Although the specific meaning of Faravahar is still debatable, it is often being associated with Fravashi, which is described as a guardian angel in some extent. The old human figure in the centre of the Faravahar represents the human soul, who is wise (old), strives for excellence (his hand pointing upwards), and his regard for Ahura Mazda (also because of his hand pointing upwards). The stretched wings, consist of three rows of feathers, represent good thoughts, good words and good deeds, which is the basis of Zoroastrian ethics. On the other hand, the tail is composed of three rows of feathers, representing bad thoughts, bad words and bad deeds, in which every Zoroastrian struggles against.

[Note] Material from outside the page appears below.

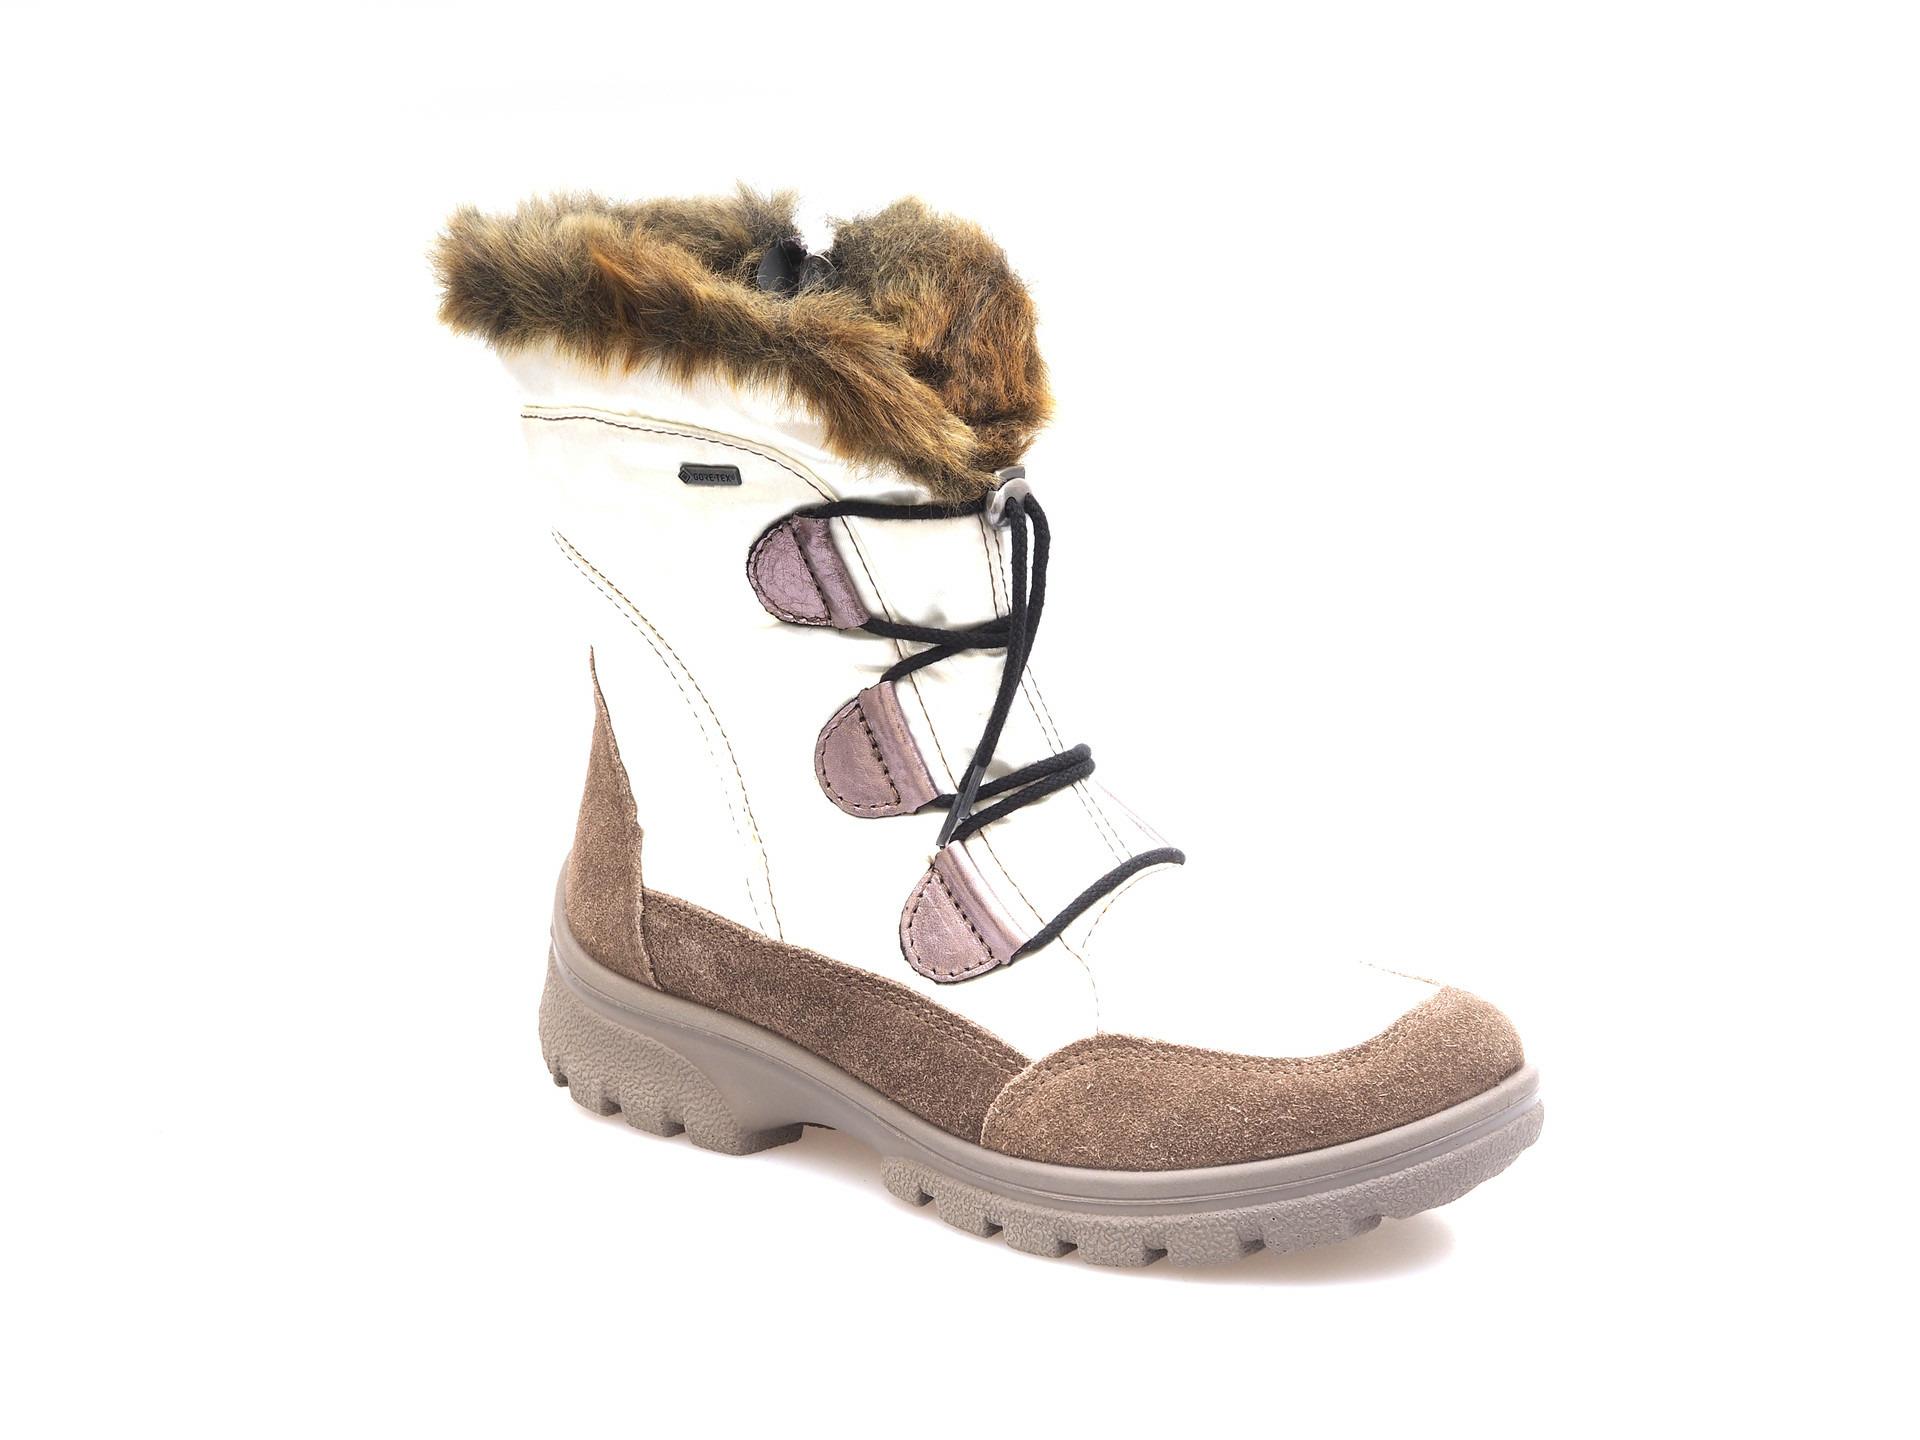 Soňa - Dámska obuv - Kotníčky - Gore-texová dámska obuv značky Ara 8b8568a57c4

It’s such a coincidence that tonight is the Zoroastrian celebration of Persian winter solstice, otherwise known as Yalda. Despite being practising Muslims, Jamileh and her family celebrate Yalda. Just like the Persian New Year (Nawrooz), Yalda has lost its religious significance and it became a social gathering for many Iranians instead. Since it’s a special day, Jamileh and her boyfriend invite us for a buffet dinner at Hotel Laleh’s restaurant. I’m surprised to see so many people here — and yes, we’re the only foreigners (all eyes are on us once again!). Even the foods run out so quickly!
While waiting for the foods to be replenished, we mingle with Jamileh’s friends and watch a nice traditional music performance. The singer sits and holds a big book of lyrics, I presume. It’s a very emotional performance! I am very curious what kind of book he’s holding, so I go to the stage and ask him directly. It turns out that he’s singing poems of Hafez, the great Persian poet that every Iranians love. It’s believed that in every Iranian house, you can always find these two books: the Qur’an and Hafez’s poetry book. All Iranians I’ve met have spoken highly of Hafez and how his beautiful his poems are. Oh I wish I know what the poems are all about!
After dinner, we go back to Jamileh’s house, only to find the whole family members, including the in-laws, are gathering for Yalda celebration. There are lots of watermelons — one of a must-served fruit during Yalda. We spend the night by playing with her nieces and talking to Jamileh’s family. The conversation shifts to us being Sunnis, which is the question/subject I’m already used to. Being a Sunni is something out of the ordinary since most of the Iranian populations are Shias. One of Jamileh’s family member suddenly asks me why Sunnis killed so many Shias in Iraq. The question catches me off guard! 😀 But I manage to answer it to the best of my ability.
Oh well, I really had a great day in Yazd. I’m so grateful to have met Jamileh’s family and celebrated Yalda with them. It’s such a unique experience! It would have been a totally different experience had we stayed in a hostel or guesthouse — we’d have probably missed the significance and importance of this day. It’s getting late and we have to go soon. It’s time to bid farewell to Jamileh’s beautiful family. Her mom kisses and hugs me so tight. It’s so heartbreaking to see her shed her tears. I’m so moved by it.
Our night bus is waiting for us to take the journey to our next destination, Shiraz.